Writingsコラム

千葉の発酵・醸造文化

千葉県といえば、醤油の生産量が全国1位で、キッコーマン(野田市)、ヤマサ醤油にヒゲタ醤油(銚子市)と大手メーカー3社が工場を構えています。他にも昔ながらの樽仕込み製法で作られた下総醤油が名高いちば醤油(香取市)、天然醸造にこだわった宮醤油店(富津市)、一年以上熟成させた醤油が自慢の小倉醤油(銚子市)、六十石という日本最大規模の巨大樽を使って醤油を仕込むタイヘイ(匝瑳市)などが、個性的な醤油を作り続けています。

醤油の醸造は平安時代に伝わってきましたが、鎌倉時代に製法が定まり始め、室町時代末期に盛んになってきました。関西を中心に大量生産化が進んでいきましたが、江戸時代に政治の中心が移ると、人口増加に応えるため、利根川、江戸川の水利に恵まれた野田や銚子といった千葉県北部に醤油生産の拠点が築かれます。文化・文政期に江戸前の調理法が確立されると、江戸っ子好みの濃口醤油が作られるようになりました。

野田や銚子は、原材料の調達にも便利な土地でした。大豆は近隣の下総(千葉県北部〜茨城県西部)、常陸(茨城県)、武蔵(埼玉県周辺)から。塩は行徳より運ばれ、江戸の需要に応えるように生産されました。野田から江戸へ運搬する時間は想像以上に早く、順風だった場合、最短8時間で帆船が到着したそうです。残念なことに、この水の道は、関東大震災の復興工事でコンクリートの原料として江戸川の砂を大量に採取したため、打撃を受けてしまいましたが、醤油の生産は順調に拡大し続けました。

千葉県で江戸好みの進化を遂げた調味料はもう一つあります。それはみりん。江戸中期まではみりんは赤く、甘い酒として飲まれていましたが、酒の醸造が盛んであった流山の秋元家と堀切家が、今の一般的なタイプである透明な「白みりん」を開発。そばつゆなどの料理に利用するようになり、関西の赤みりんを席巻するようになりました。

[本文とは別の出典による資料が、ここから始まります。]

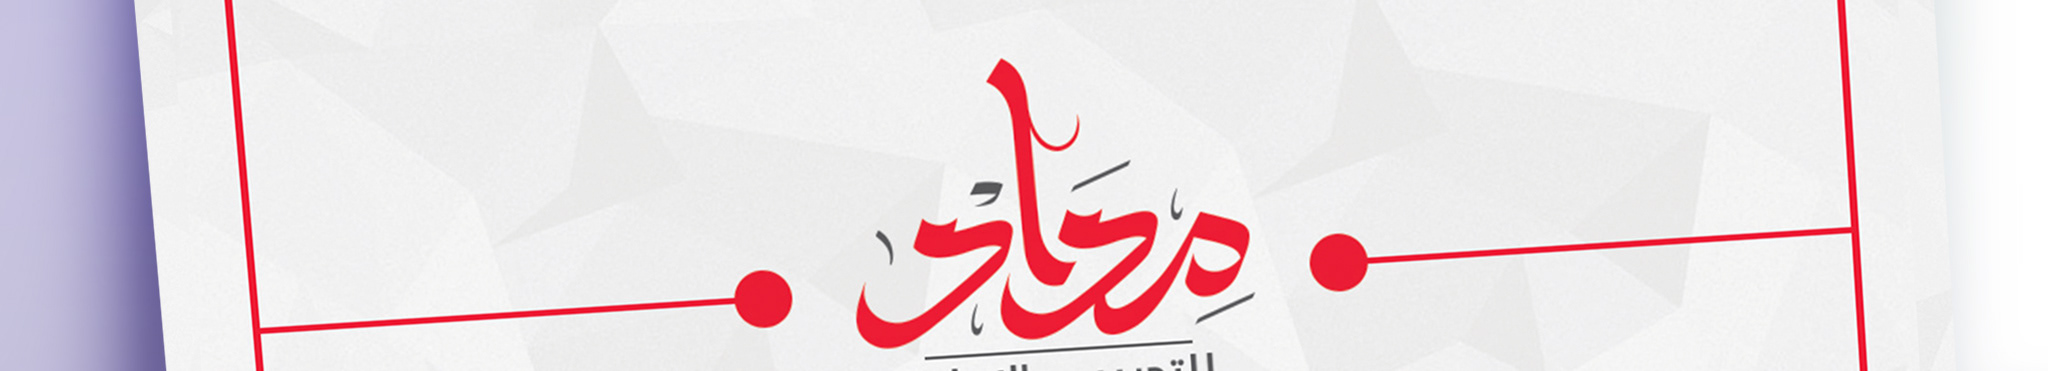 Medad Fonts & Advertising's profile banner

千葉に広がる醸造文化は、和歌山や兵庫から伝わった醤油や酒造りが原点です。漁場を求めて房総半島までやってきた漁師が定住し、製造方法を伝授したと言われています。醤油やみりんだけではなく、味噌は佐倉市、金山寺味噌は東金市、それらの原料の一つである麹を使った甘酒を販売する製造元など、千葉県の特産品には醸造・発酵食品がたくさんあります。

これらは通信販売や一部スーパーでも手に入れることができますが、千葉県には道の駅が29もあり、多岐にわたる特産品を入手するには最適の場所です。中でも「道の駅 発酵の里こうざき」(神崎町)は全国唯一の発酵をテーマにしており、県内のみならず全国から発酵食品が集められています。地元で栽培された大豆を使用した納豆などが販売され、発酵食品好きにはたまらない場所のようです。